Up in the Air has drawn some admiration for the ending, and, yes, it’s less resolved than we are used to (and Reitman has been very forthcoming with praise for himself on this and other matters) from our romantic comedies, but “sad” and “open” are not automatically synonymous with “good” and “reflective of common sense”. Clooney is left at the end, after reaching out to the girl (Vera Farmiga), still rootless, still hunky, still gainfully employed. We’re supposed to gather that he didn’t recognize the charms of his typically boorish family soon enough. This is an insidious, disgusting self-entitlement: Clooney holds everyone at arm’s length for his entire life and we’re to take it as tragedy that he’s rebuffed once. Rejection, doubt, embarrassment, self-loathing, these are traditional ingredients in the romantic stew of our lives, and we continually swallow them for the brief moments that someone looks into our eyes just right, or kisses us just right, or touches our shoulder just right, or leans into us just right, we weather the pain out of hope.
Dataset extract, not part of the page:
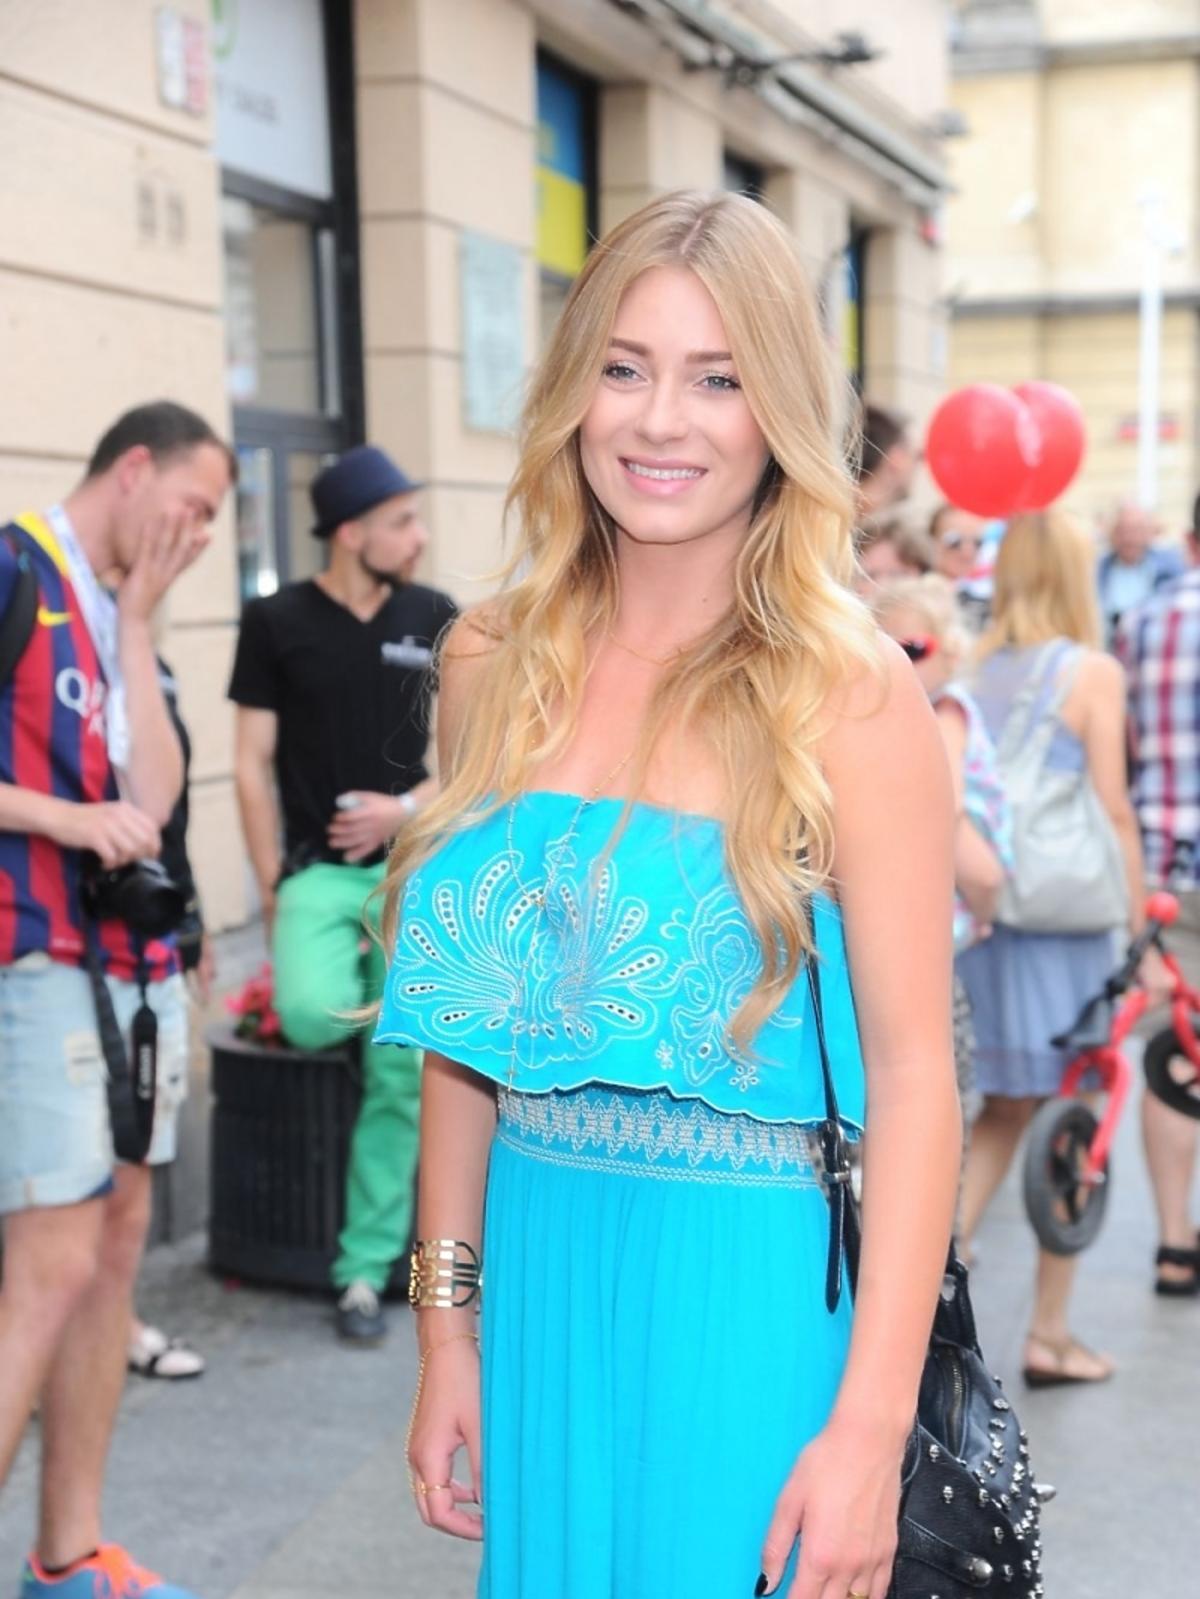 Marcelina Zawadzk na Street Fashion

Clooney is meant to be taken as damned, as symptomatic of our culture, when he’s just a superstar who has actually undergone a humbling, human, experience; if anything, that is a happy ending, but the movie doesn’t know that, and it doesn’t know anything else either.
Clooney does nearly career best work however, his age is showing more, and he has an unforced gravity that Up in the Air doesn’t earn. Farmiga is sexy and slightly skewed in that fashion that is becoming distinctive of her, and she has a legitimately intimate, hot chemistry with her leading man. You hope these two will one day have the opportunity to work together in a real movie.